- _WHAT YOU HAVE TO DO_
All lines below must be repeated exactly, with the pictures omitted.

- _DATASET CONTENT_

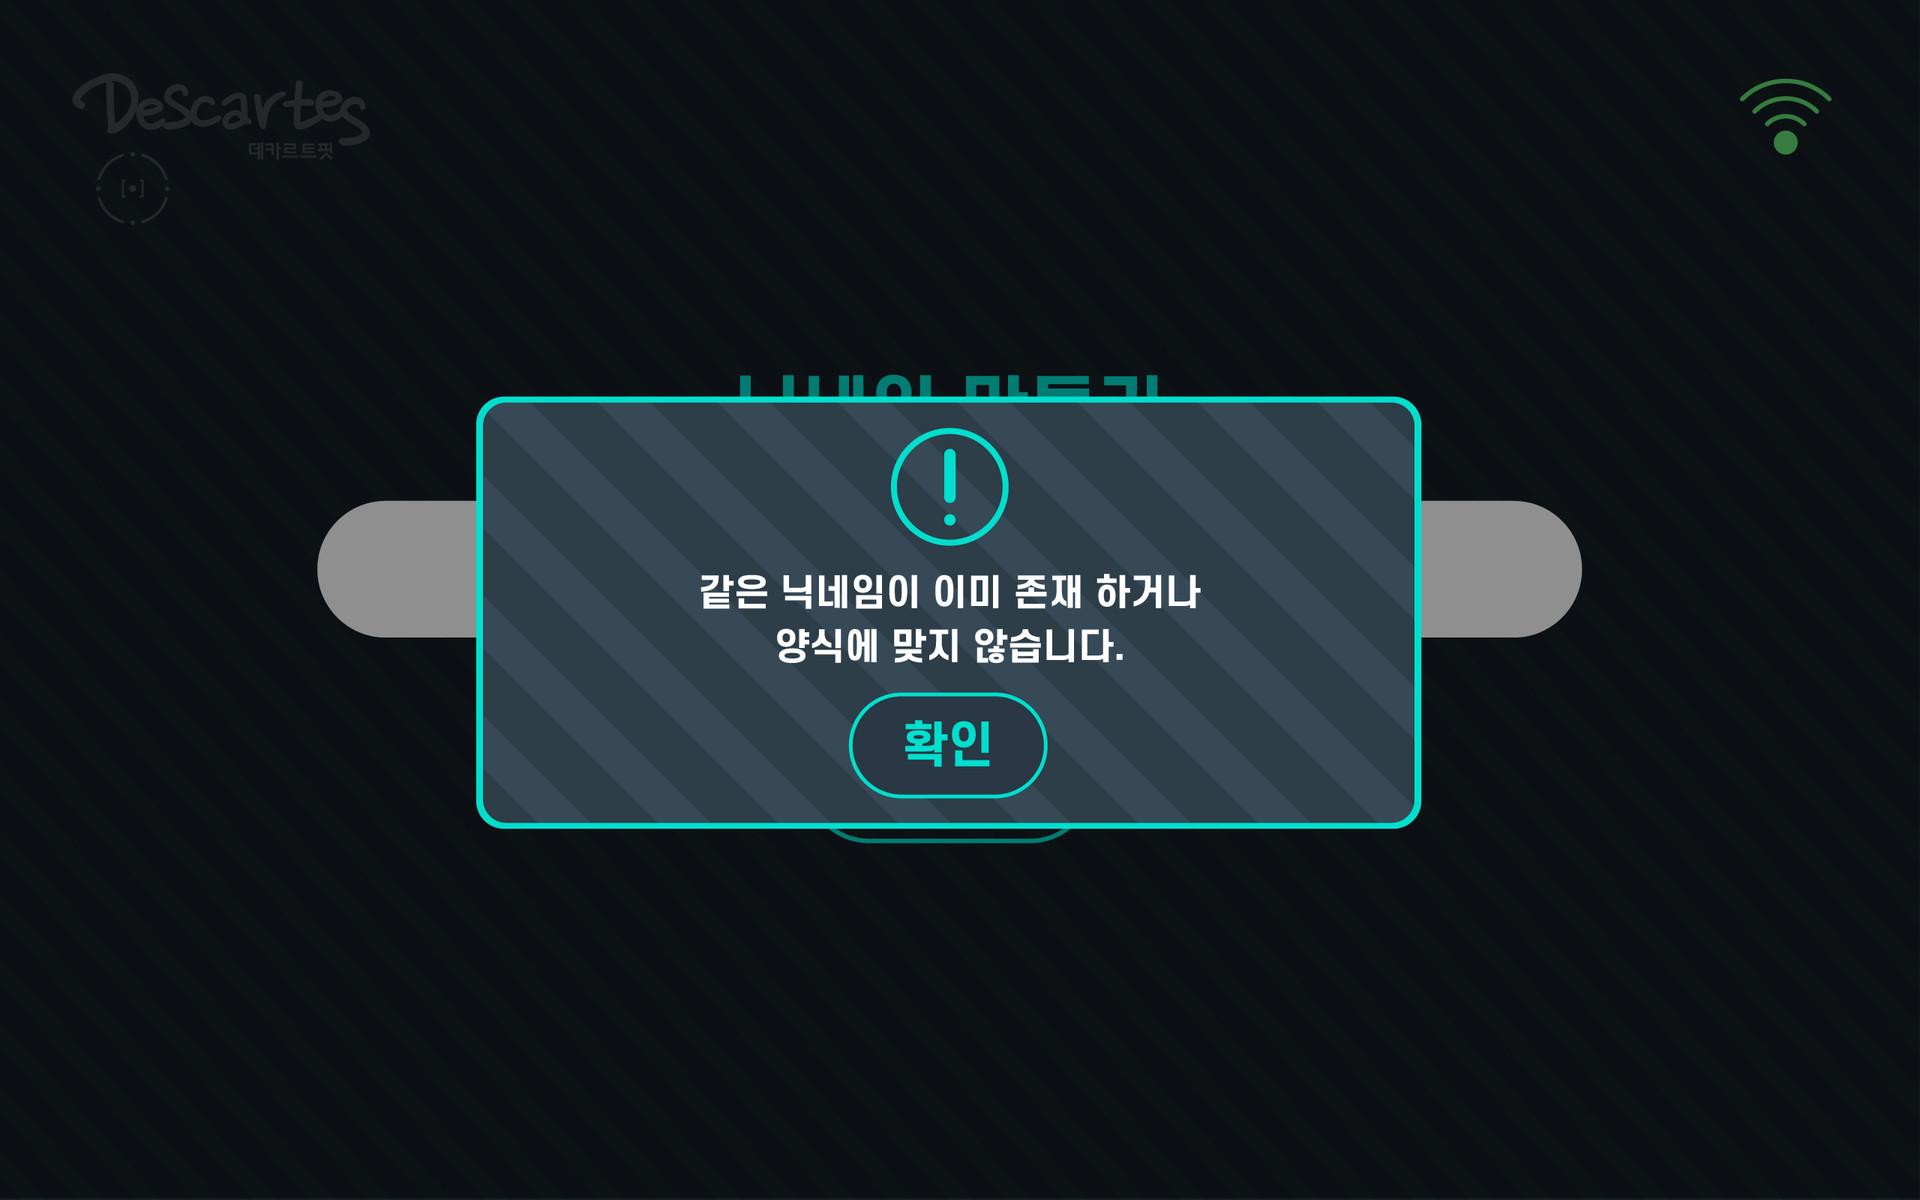 05_main_make_error.jpg
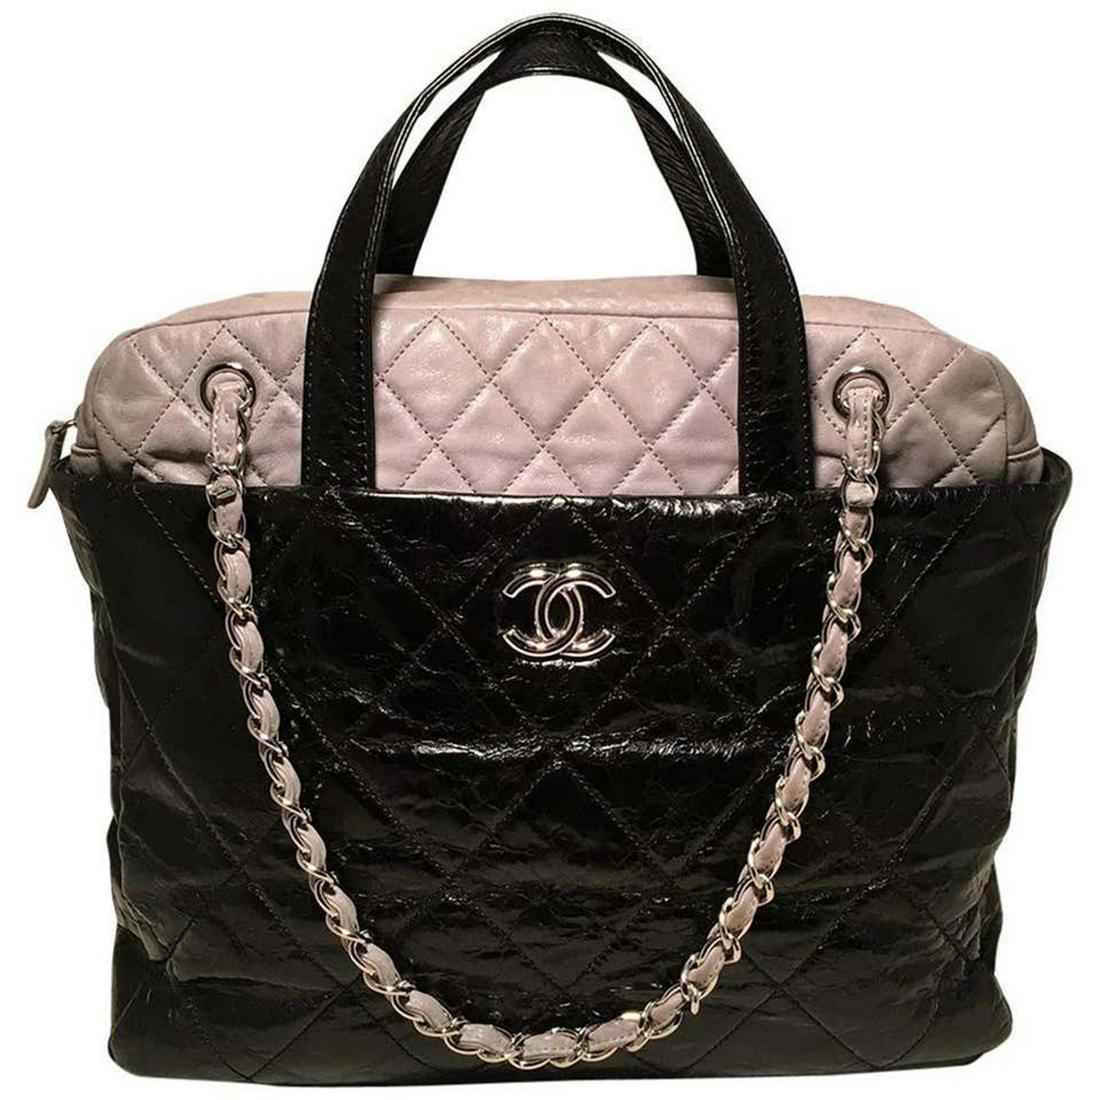 Chanel Black & Grey Quilted Leather Portobello Tote
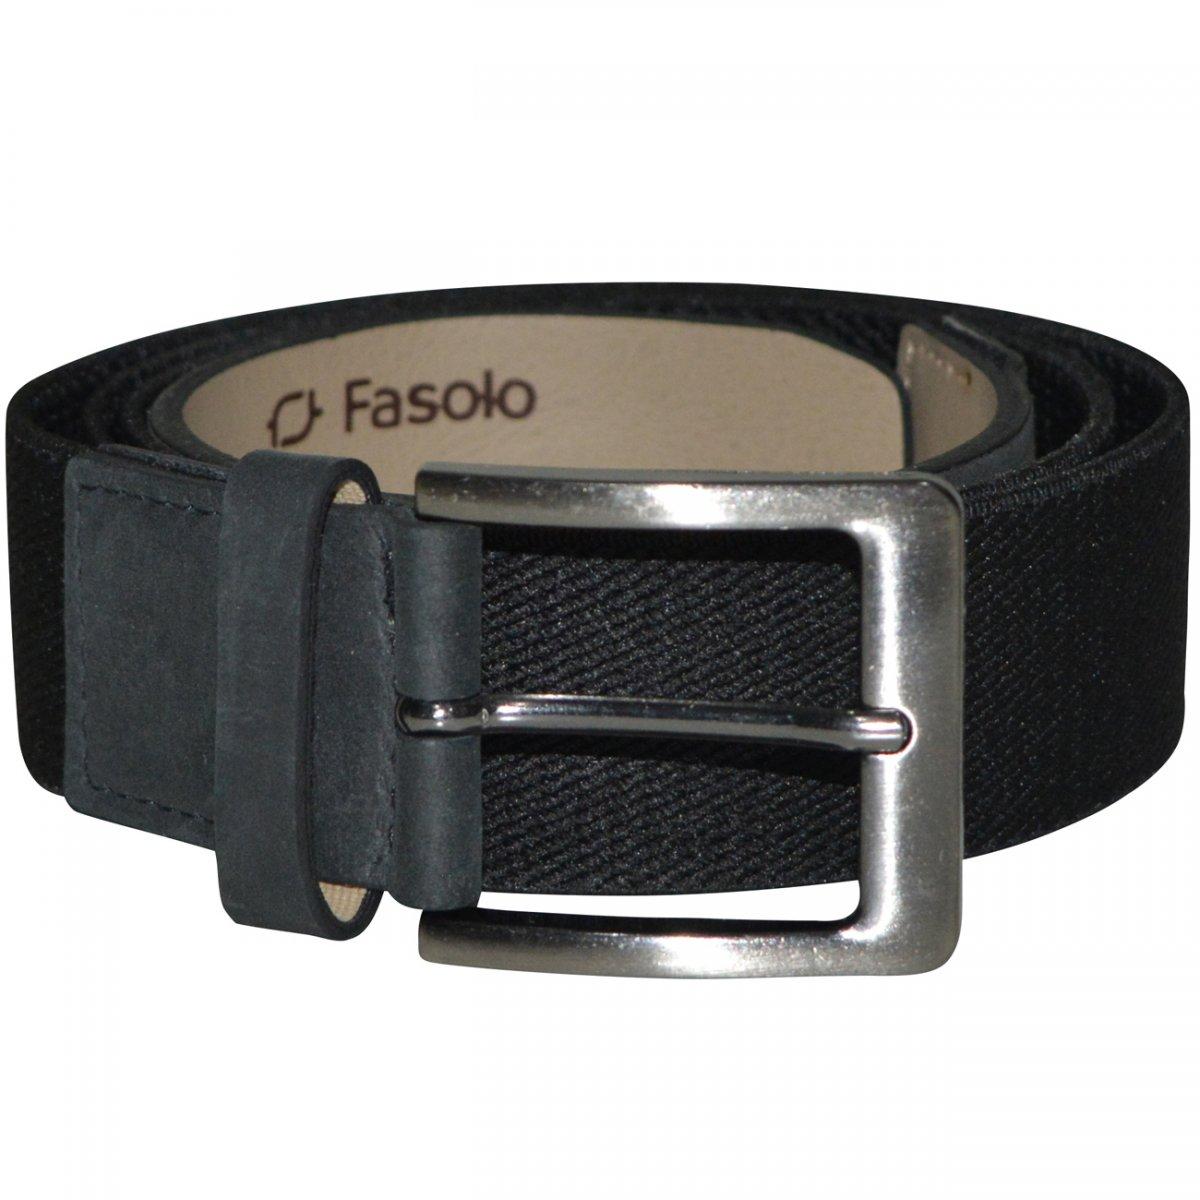 f147d712c504a Cinto Fasolo G188221 G188221751 - Preto - Chuteira Nike

- _SOLUTION_
 05_main_make_error.jpg
 Chanel Black & Grey Quilted Leather Portobello Tote
 f147d712c504a Cinto Fasolo G188221 G188221751 - Preto - Chuteira Nike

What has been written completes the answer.